“Have you found or founded a new system of coloring?” asked Kent as he moved among the little masterpieces. “No; don’t tell me.” He touched one of the surfaces delicately. “It’s not paint, and it’s not pastel. Oh, I see! They’re all of one size—of course.” He glanced at the heavy mechanism near the easel. “They’re color prints.”

Sedgwick nodded. “Monotypes,” said he. “I paint on copper, make one impress, and then—phut!—a sponge across the copper makes each one an original.”

“You certainly obtain your effects.”

“The printing seems to refine the color. For instance, moonlight on white water, a thing I’ve never been able to approach, either in straight oils or water. See here.”

From behind a cloth he drew a square, and set it on the easel. Kent whistled again, casual fragments of light and heavy opera intermingled with considerative twitches of his ear.

“It’s the first one I’ve given a name to,” said Sedgwick. “I call it The Rough Rider.”

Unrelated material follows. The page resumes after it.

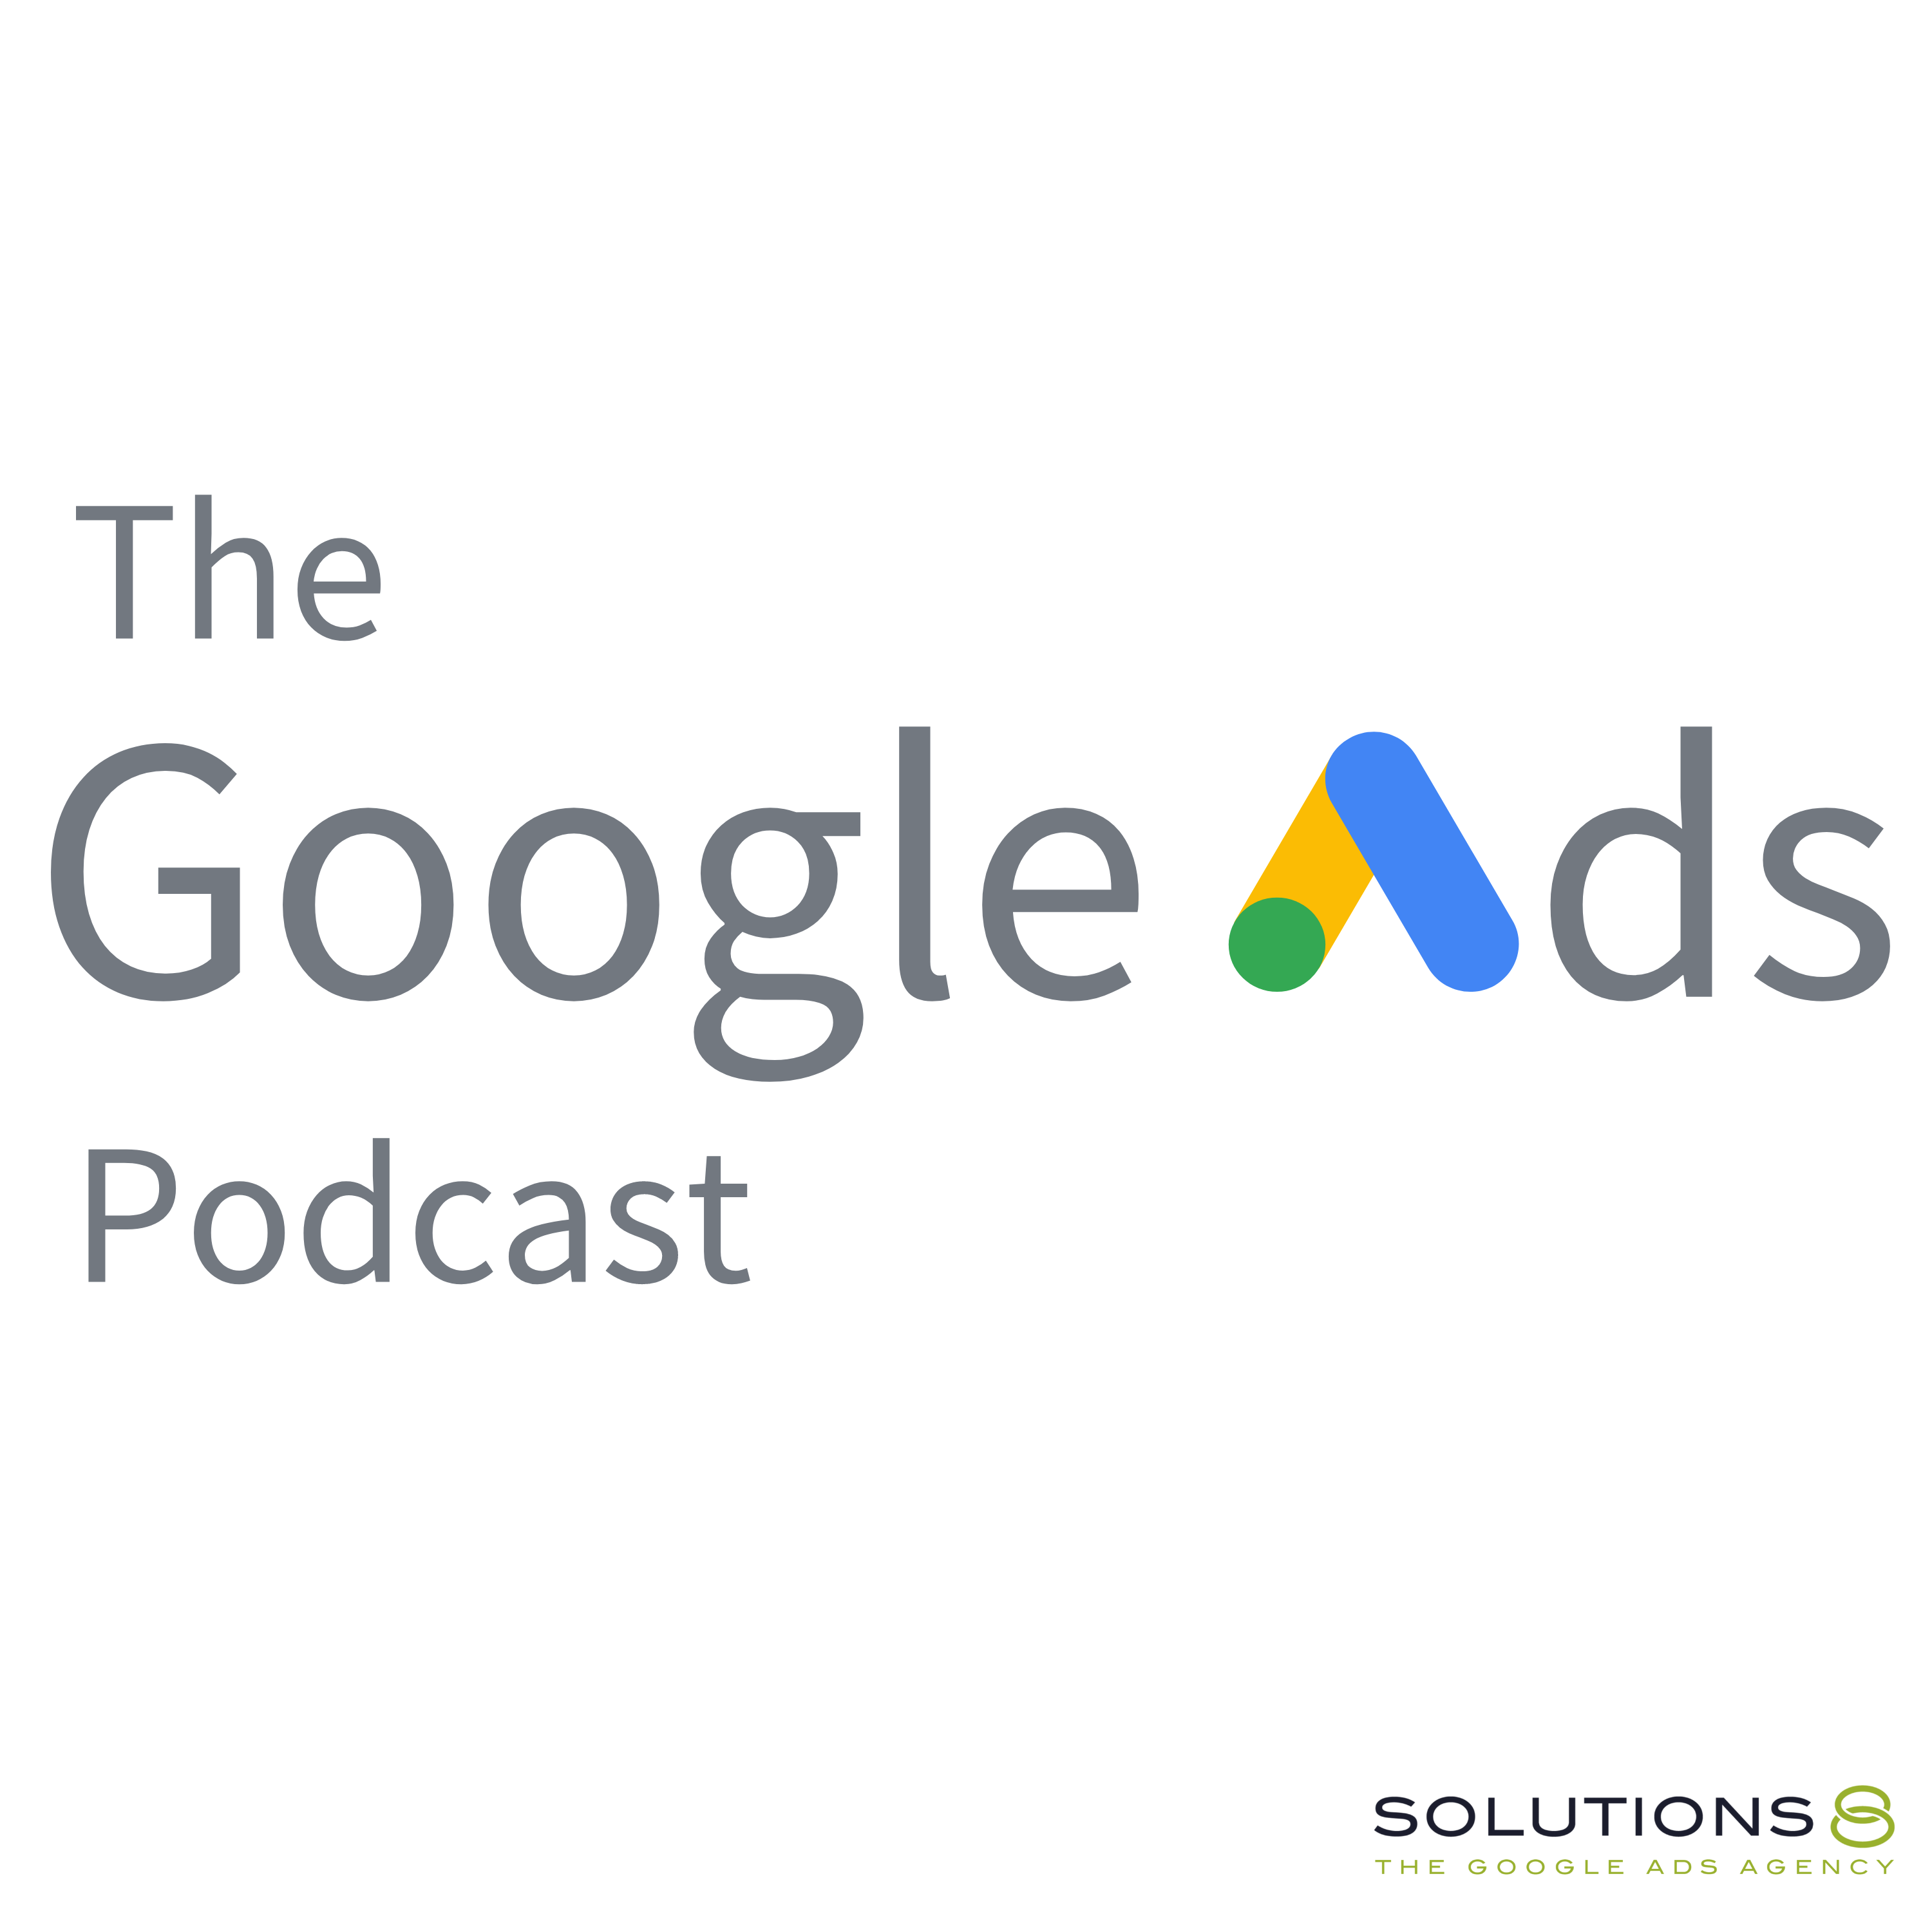 Artwork for podcast The Google Ads Podcast

A full moon, brilliant amid blown cloud-rack, lighted up the vast procession of billows charging in upon a near coast. In the foreground a corpse, the face bent far up and back from the spar to which it was lashed, rode with wild abandon headlong at the onlooker, on the crest of a roaring surge. The rest was infinite clarity of distance and desolation.

The Rough Rider!” murmured Kent; then, with a change of tone, “For sale?”

“I don’t know,” hesitated the artist. “Fact is, I like that about well enough to keep.”

“I’ll give you five hundred dollars for it.”